**About this task:** A faithful copy is needed of the lines below from the one with "vans verde agua" up to and including the one with "Strong women don’t have attitudes"; set it down with no pictures and no other lines.

**Data extract:**
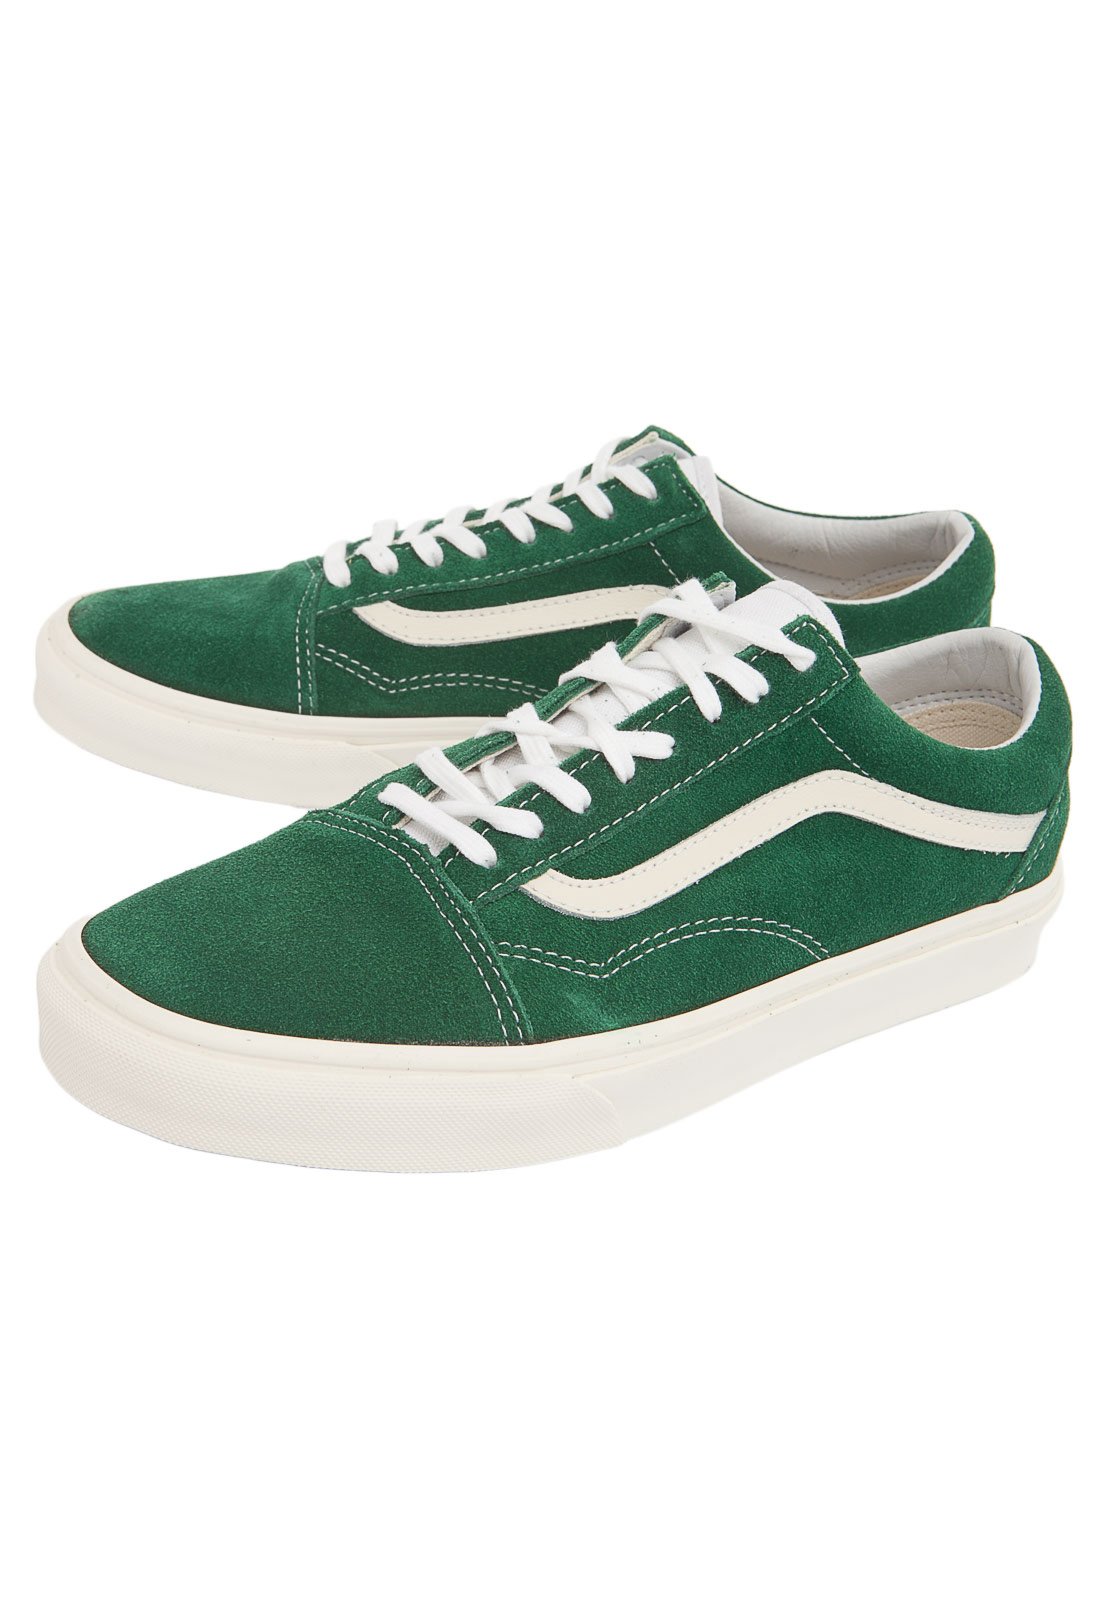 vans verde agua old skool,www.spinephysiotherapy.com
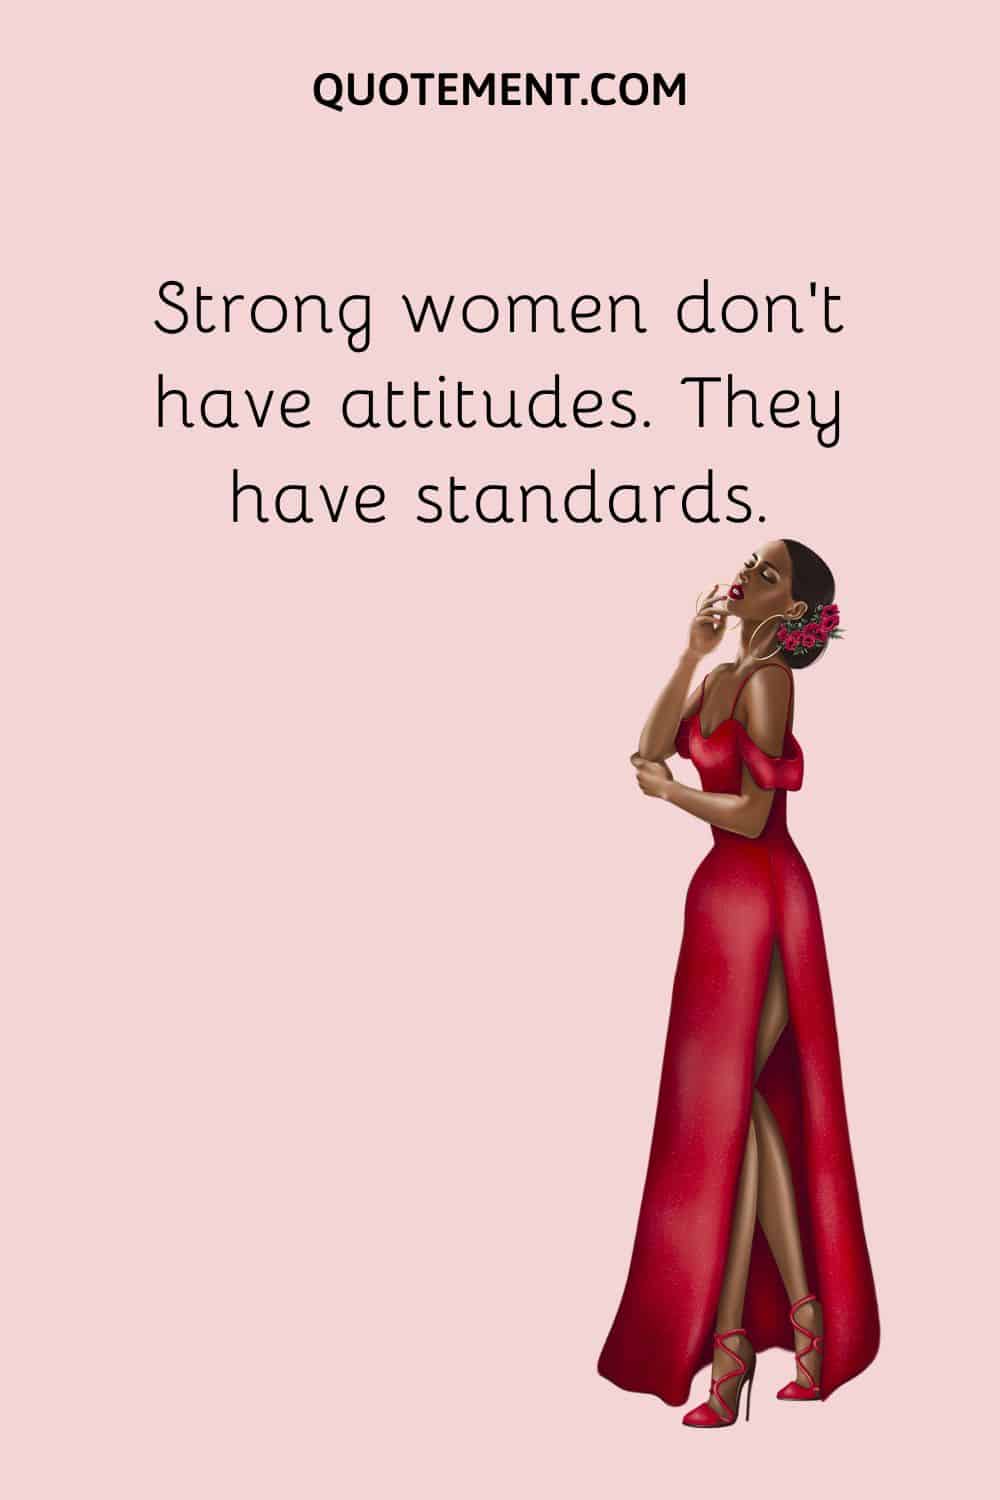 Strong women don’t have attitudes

...

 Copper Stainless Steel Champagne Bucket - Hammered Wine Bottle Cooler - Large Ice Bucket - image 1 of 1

---

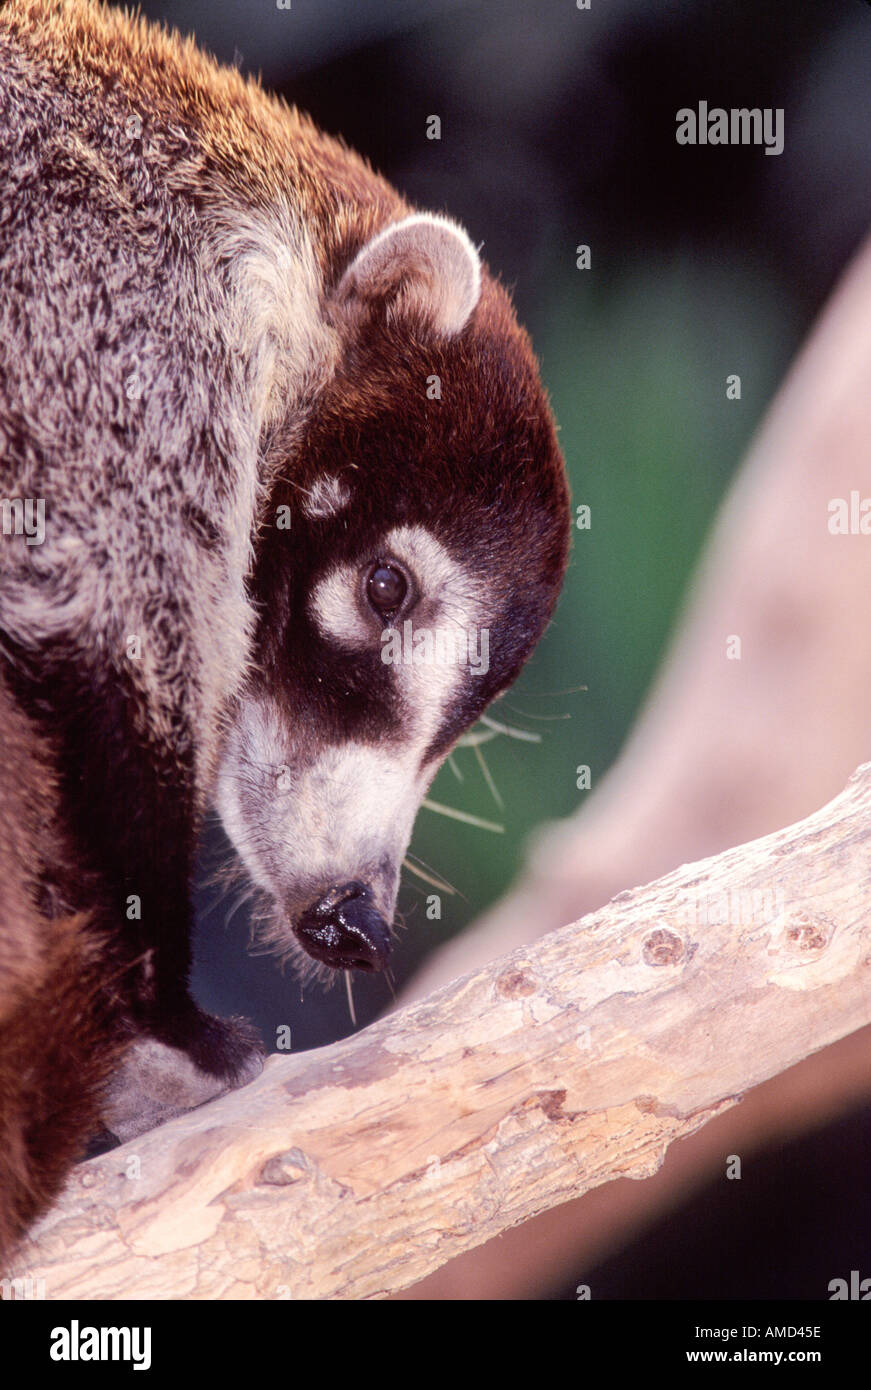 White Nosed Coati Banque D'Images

**Written solution:**
 vans verde agua old skool,www.spinephysiotherapy.com
 Strong women don’t have attitudes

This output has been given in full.